For each double-sided Braille image, we also provide their corresponding Braille de-skewed images for recto dots (with the postfix of "+recto.jpg" ) and Braille deskewed images verso dots annotaion(with the postfix of "+verso.jpg" ). And you can also get these de-skewed images using the below function implemented in C++ and OpenCV . For the original image(denoed by src ) with the skewed angle (denoed by angle ) , you could get the de-skewed image(denoted by dst) by calling "imageRotate(src,dst,-angle)".

int imageRotate(InputArray src, OutputArray dst, double angle)
{
  /*
  rotate the src with specific angle. 
  src : source image you want to rotate
  dst : the rotated image. The dst size may be larger than src 
  angle : the angle you want to rotate, and the unit is degree. If angle>0,it will rotate the src in a clockwise direction. 
  */

  Mat input = src.getMat();
  if (input.empty()) {
  	return -1;
  } 
  int width = input.cols;
  int height = input.rows; 
  Point2f center;
  center.x = width / 2.0;
  center.y = height / 2.0;  
  double scale = 1.0;
  Mat trans_mat = getRotationMatrix2D(center, -angle, scale);
  //calculate new image size
  double angle_numeric = angle  * CV_PI / 180.;
  double a = sin(angle_numeric) * scale;
  double b = cos(angle_numeric) * scale;
  double out_width = height * fabs(a) + width * fabs(b);
  double out_height = width * fabs(a) + height * fabs(b);
  //add offset
  trans_mat.at<double>(0, 2) += cvRound((out_width - width) / 2);
  trans_mat.at<double>(1, 2) += cvRound((out_height - height) / 2); 
  warpAffine(input, dst, trans_mat, Size(out_width, out_height), 1, 0, Scalar(255, 255, 255));
  return 0;
}

Training Set and Test Set

We divide our DSBI dataset into training set and test set. The total Braille images number of DSBI is 114, we select about 1/4 amount, 26 images, as training set and 3/4 amount, 88 images, as test set. Training images are from selected professional tool books,textbooks, novels and ordinary printed documents. Test images are from each captured Braille book. The specific statistical information of training set and test set is shown below.

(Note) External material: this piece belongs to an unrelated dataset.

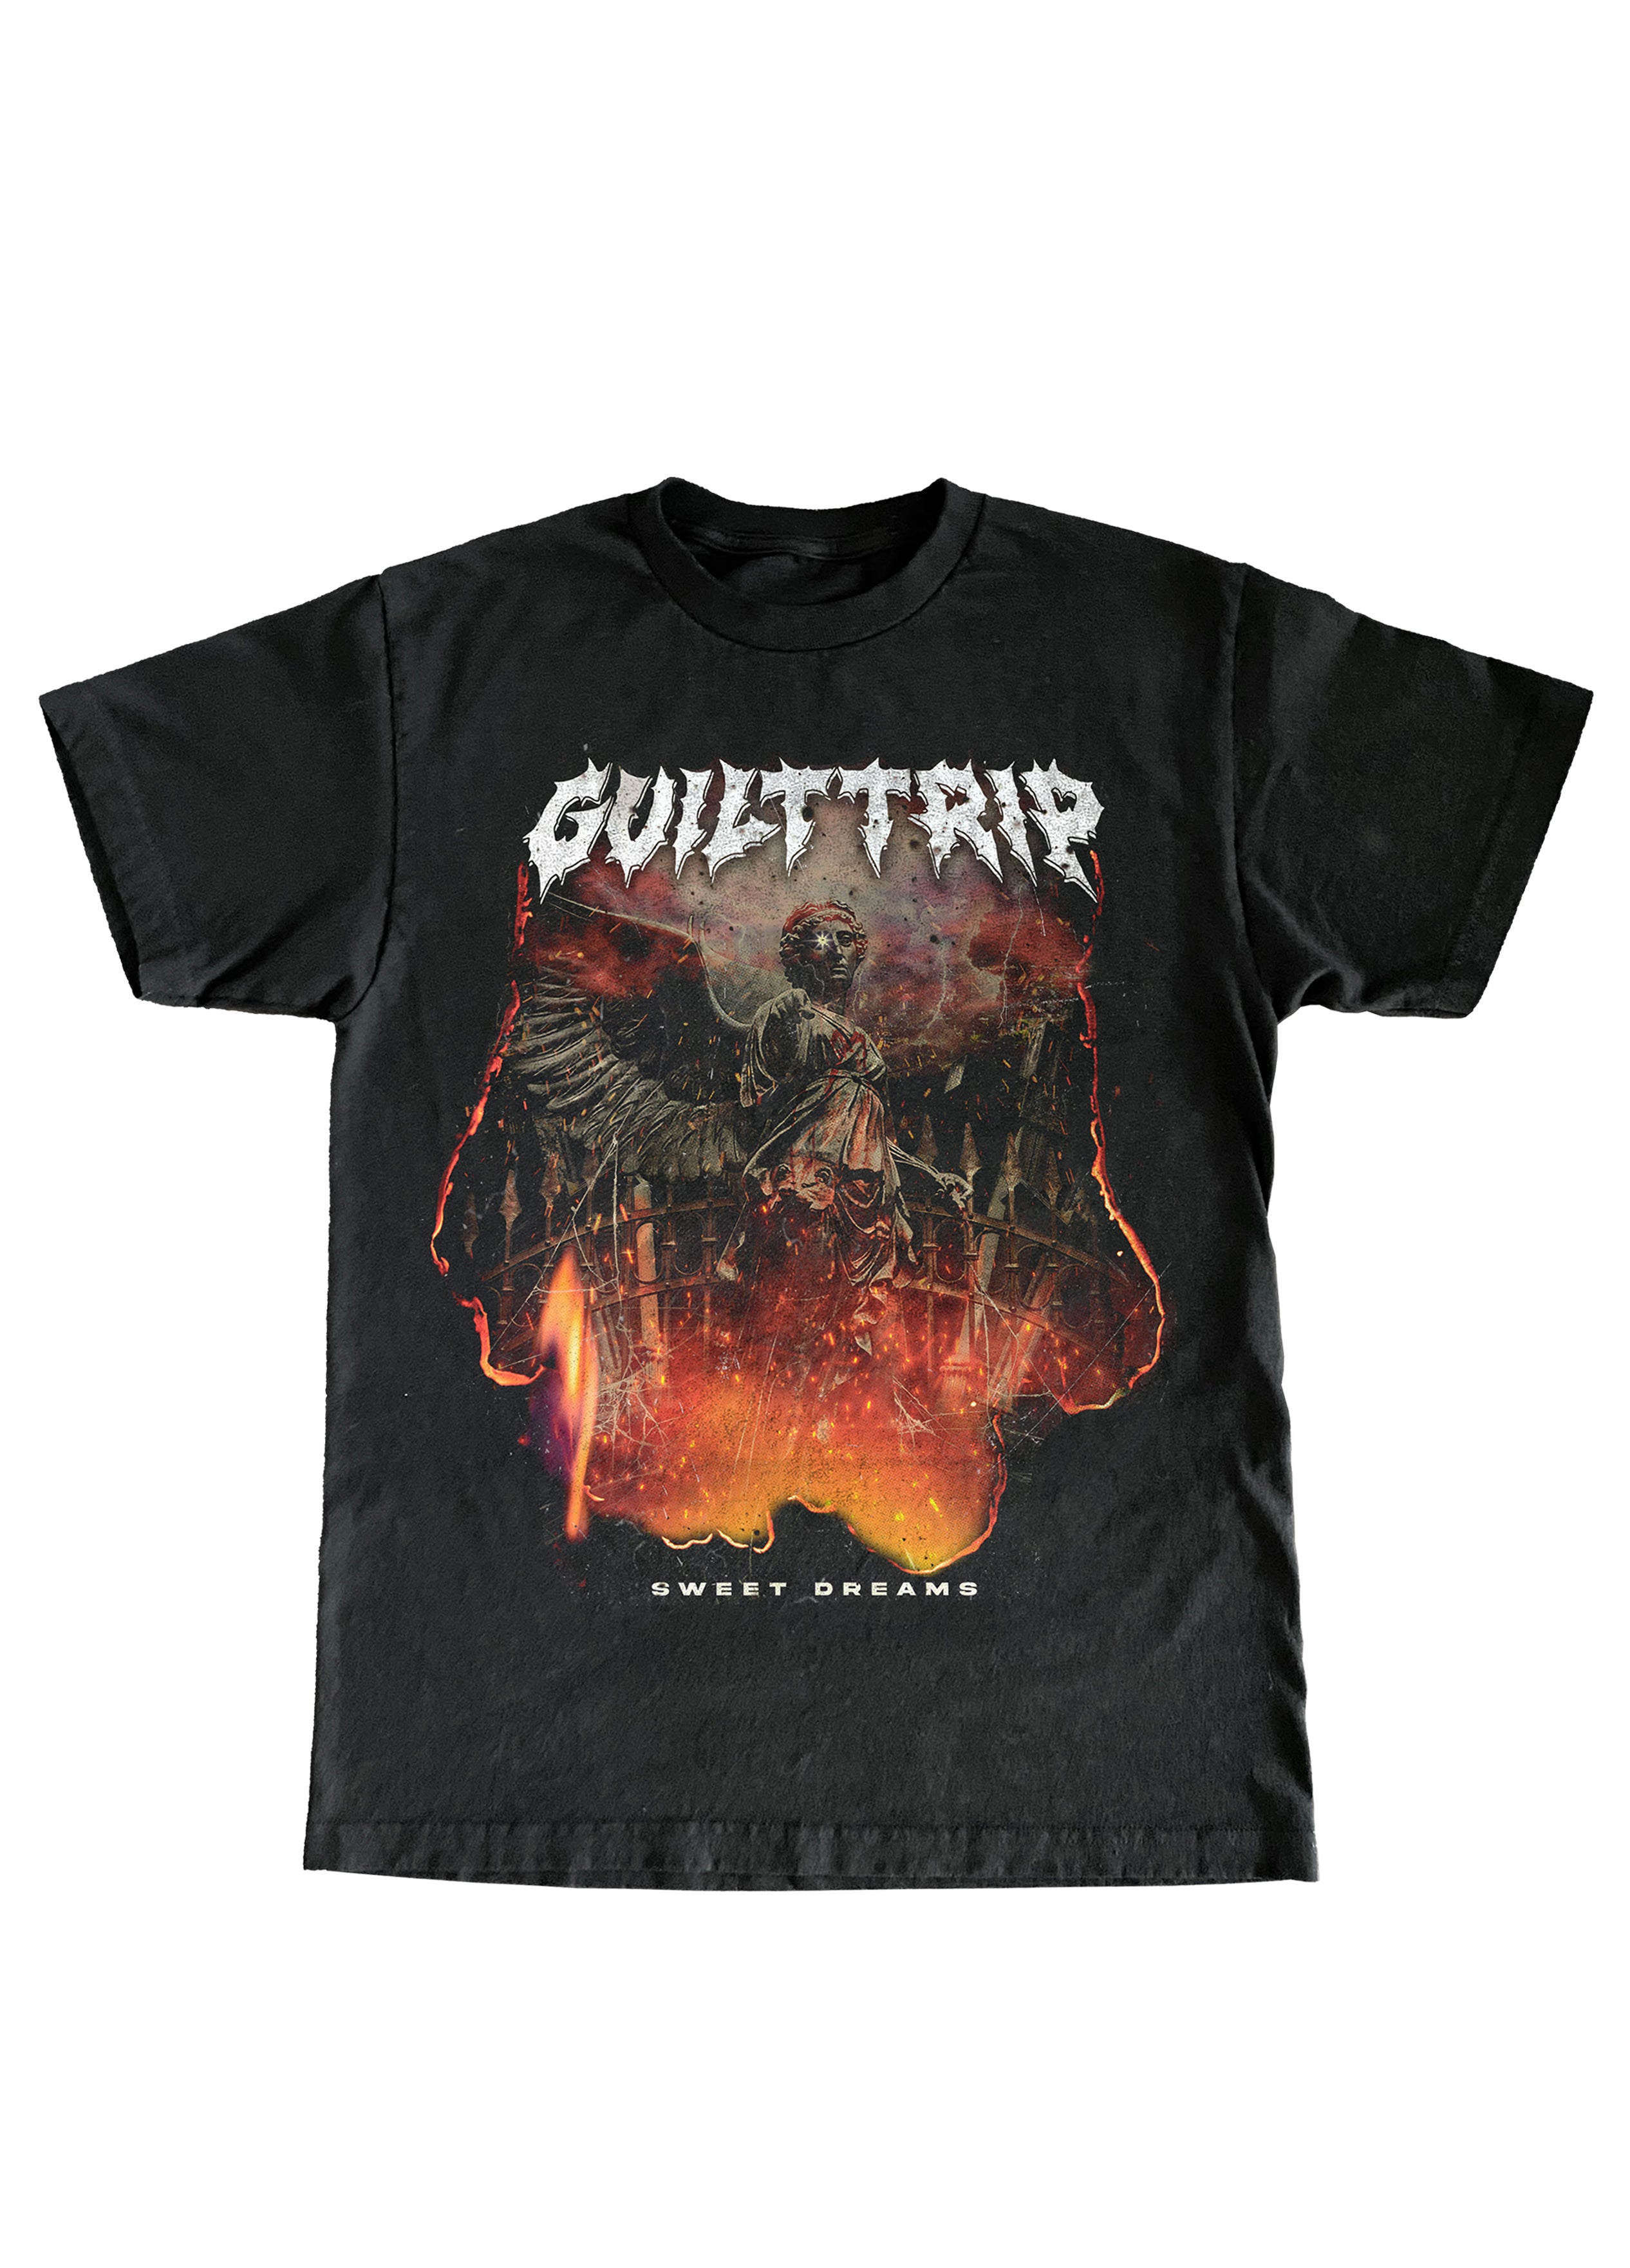 Guilt Trip - Sweet Dreams Artwork T-Shirt

Book name Training set pages Test set pages
1.Massage 10 10
2.Fundamentals of Massage 0 20
3.The Second Volume of Ninth Grade Chinese Book 1 0 20
4.The Second Volume of Ninth Grade Chinese Book 2 0 20
5.Math 10 22
6.Shaver Yang Fengting 3 3
7.Ordinary printed document 3 3
Total 26 88

We provide the relative pathes of specific Training set files in 'train.txt ', and the Test set files in 'test.txt'.

Citation

If you use DSBI in your work, please cite:

Renqiang Li, Hong Liu, Xiangdong Wan, Yueliang Qiang 2018 arXiv:1811.10893 [cs.CV]

Others

Some Braille images may contain only recto dots or verso dots.If there are no Braille recto dots on one image, the corresponding recto dots annotation file will be empty, which is the same for verso dots.